= Thomas D. Rees =

American plastic surgeon

Thomas D. Rees (February 3, 1927 – November 14, 2013) was an American plastic surgeon who co-founded the Flying Doctors Service of East Africa in 1957, an organization that utilizes small aircraft to deliver medical care to remote areas in Africa.

==Biography==
Rees was born in Nephi, Utah. He entered the University of Utah at sixteen and graduated with a medical degree by the age of 21. He served as a U.S. Navy officer in 1945 and again from 1957 to 1958. Rees trained in general and plastic surgery at the Genesee Hospital and New York Hospital–Cornell Medical Center in Manhattan. He completed a fellowship in London under Archibald McIndoe and Harold Gillies.

In 1956, while on fellowship in London, Rees traveled to Tanzania, where he provided emergency medical treatment to a severely injured local.

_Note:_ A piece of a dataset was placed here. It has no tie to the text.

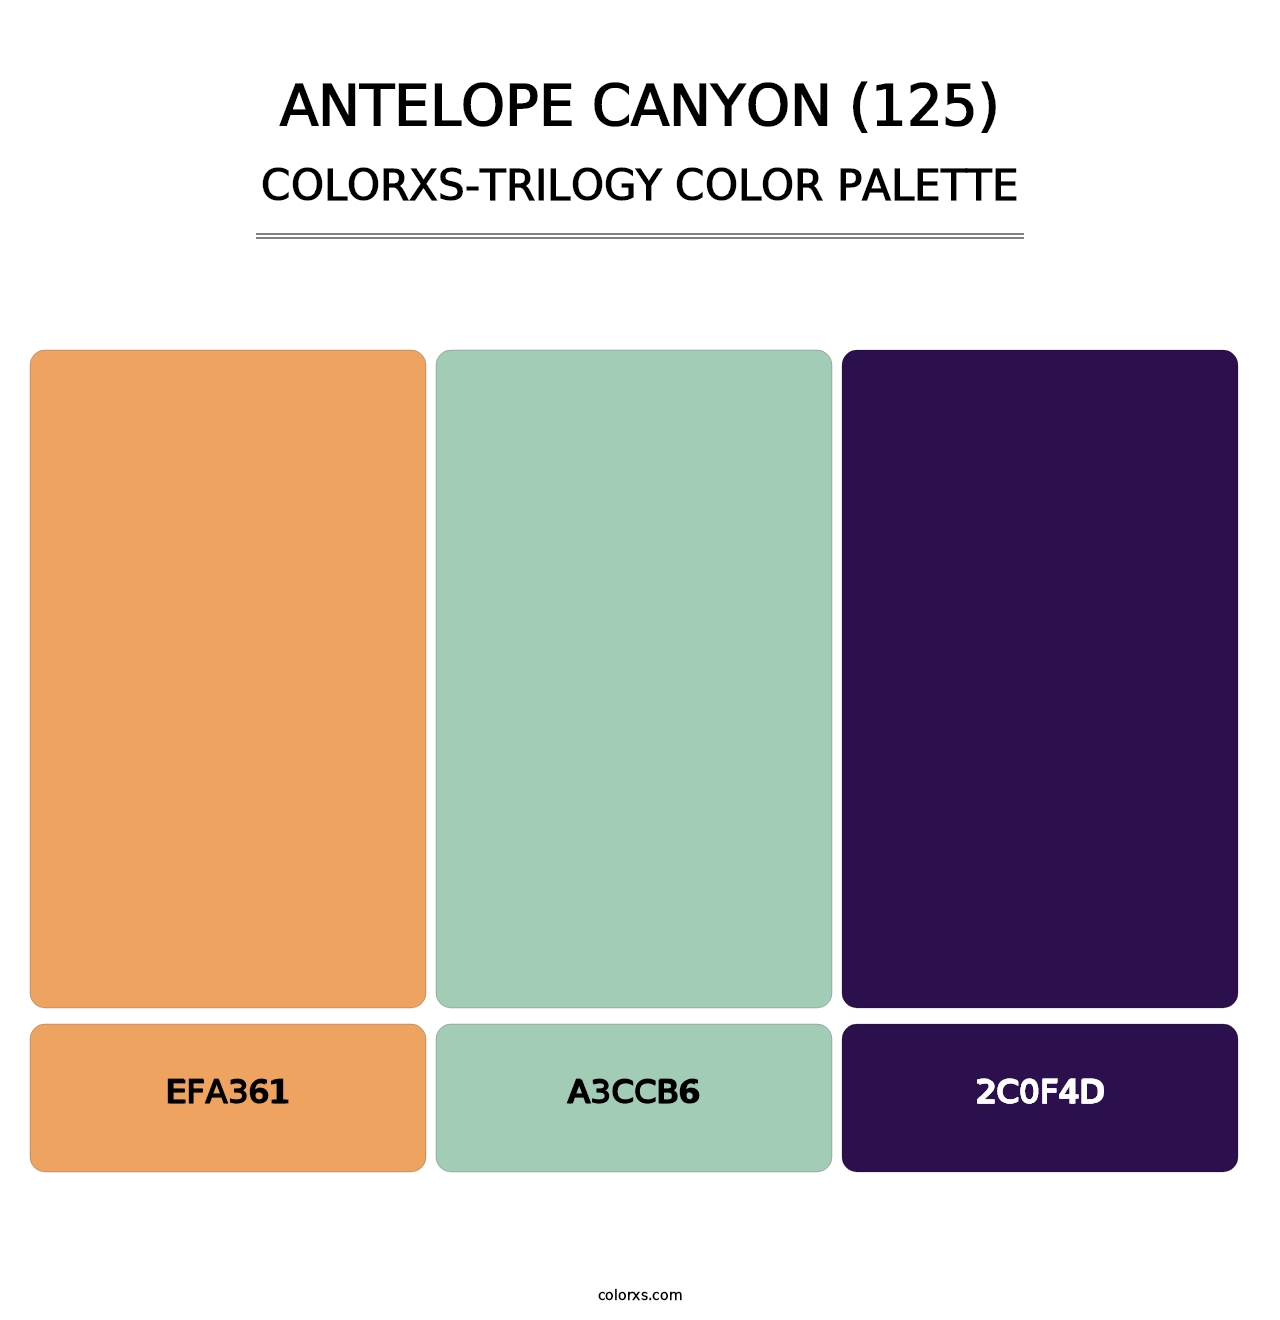 Antelope Canyon (125) - Colorxs Trilogy Palette

This experience motivated him to help establish the Flying Doctors Service of East Africa alongside Michael Wood and Archibald McIndoe.

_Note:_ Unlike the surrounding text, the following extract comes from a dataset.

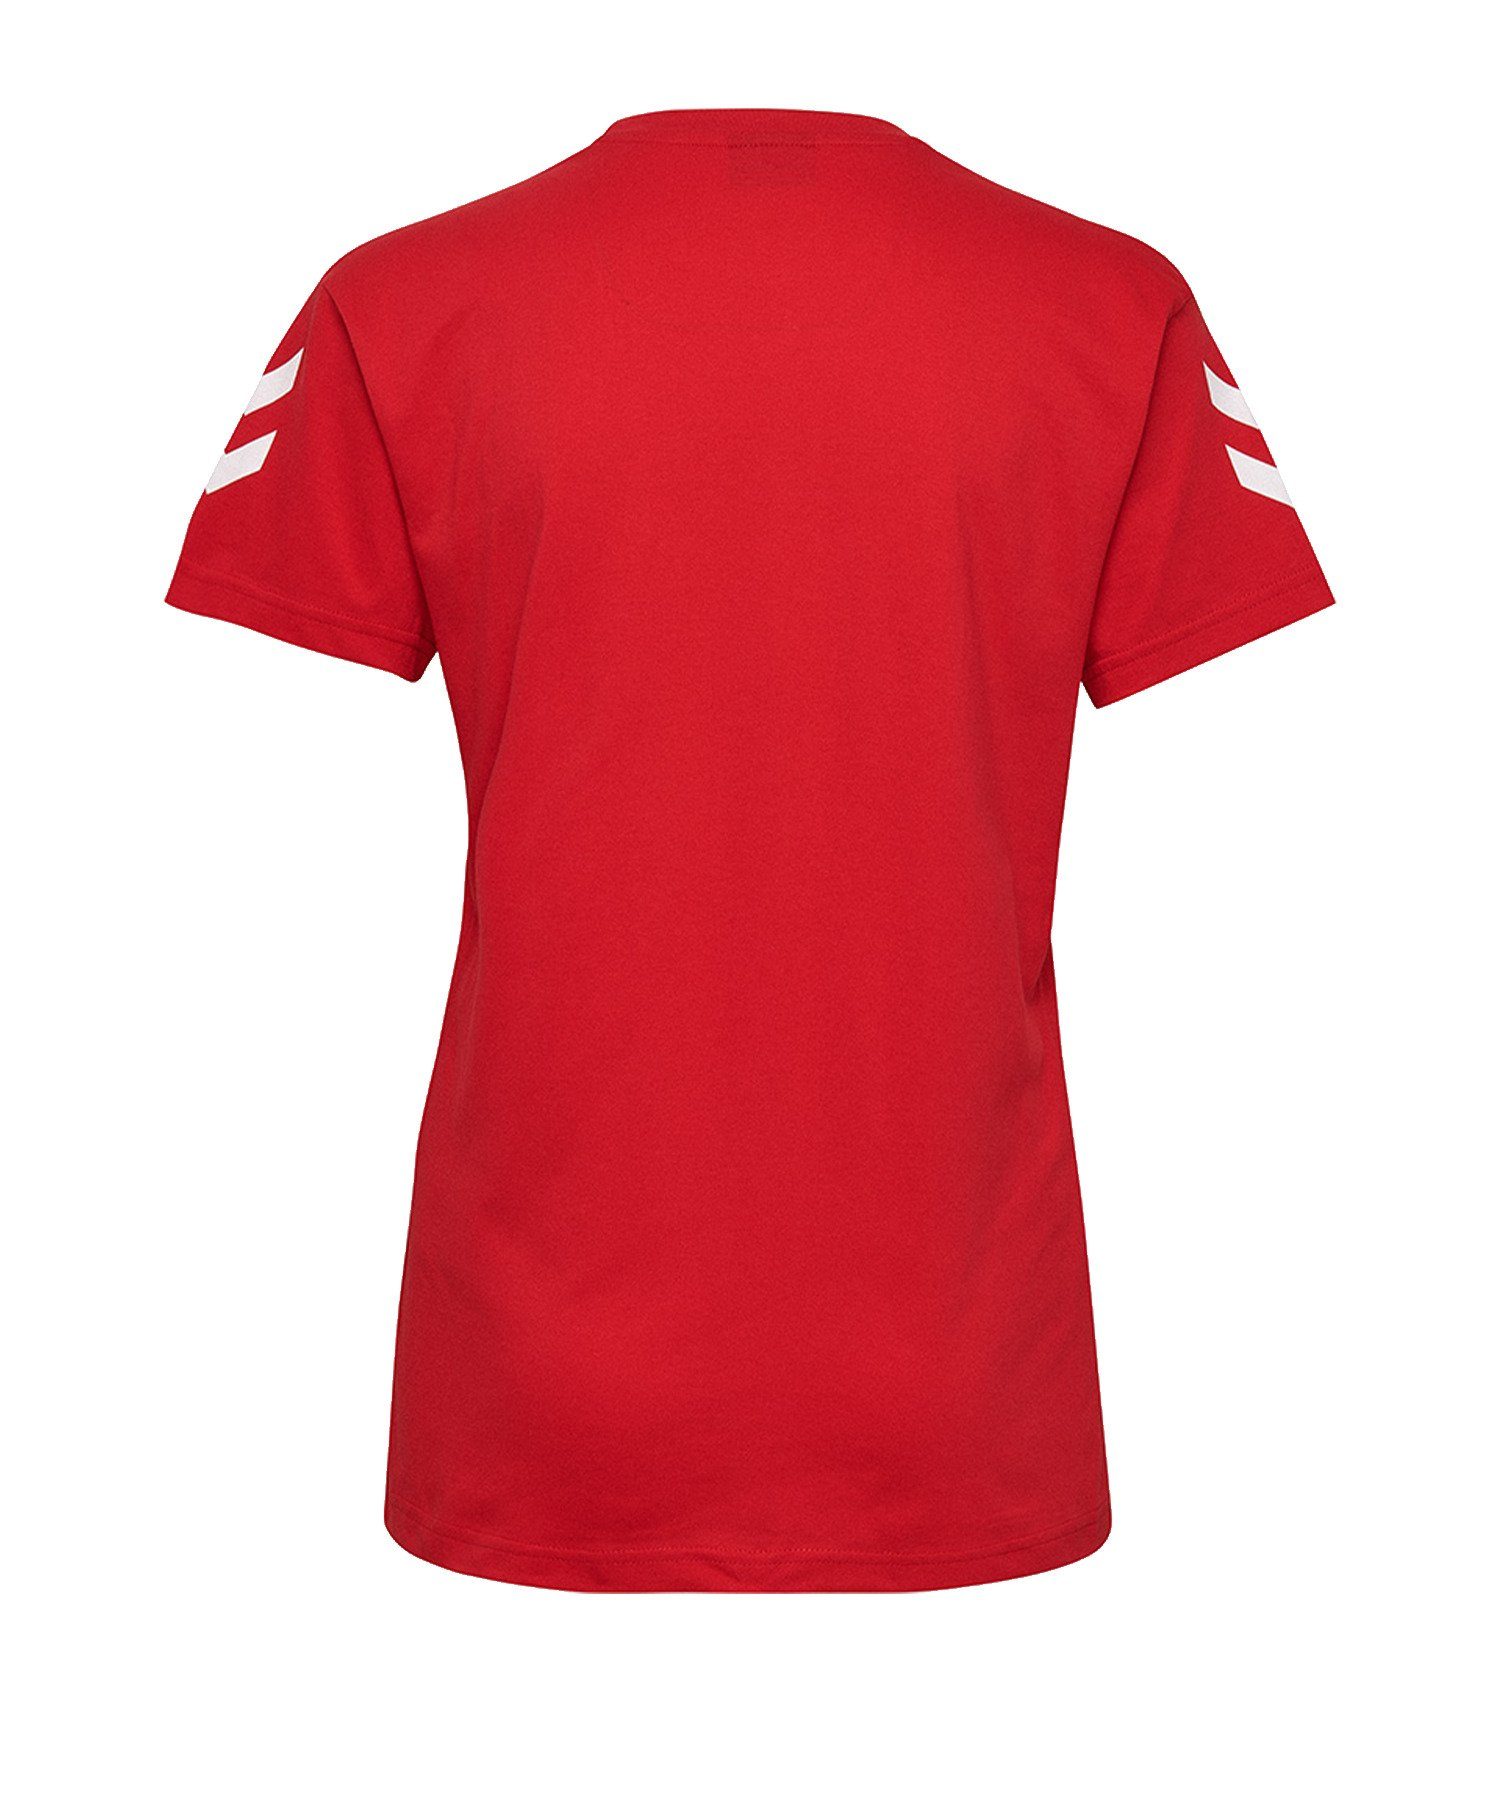 T-Shirt Rot Damen Cotton hummel default T-Shirt

Rees served as a professor at the New York University School of Medicine and as a president of the American Society for Aesthetic Plastic Surgery. He organized an annual symposium for plastic surgeons, which attracted participants globally. He retired in the mid-1980s due to osteoarthritis and moved to Santa Fe, where he pursued sculpting inspired by African cultures and wildlife.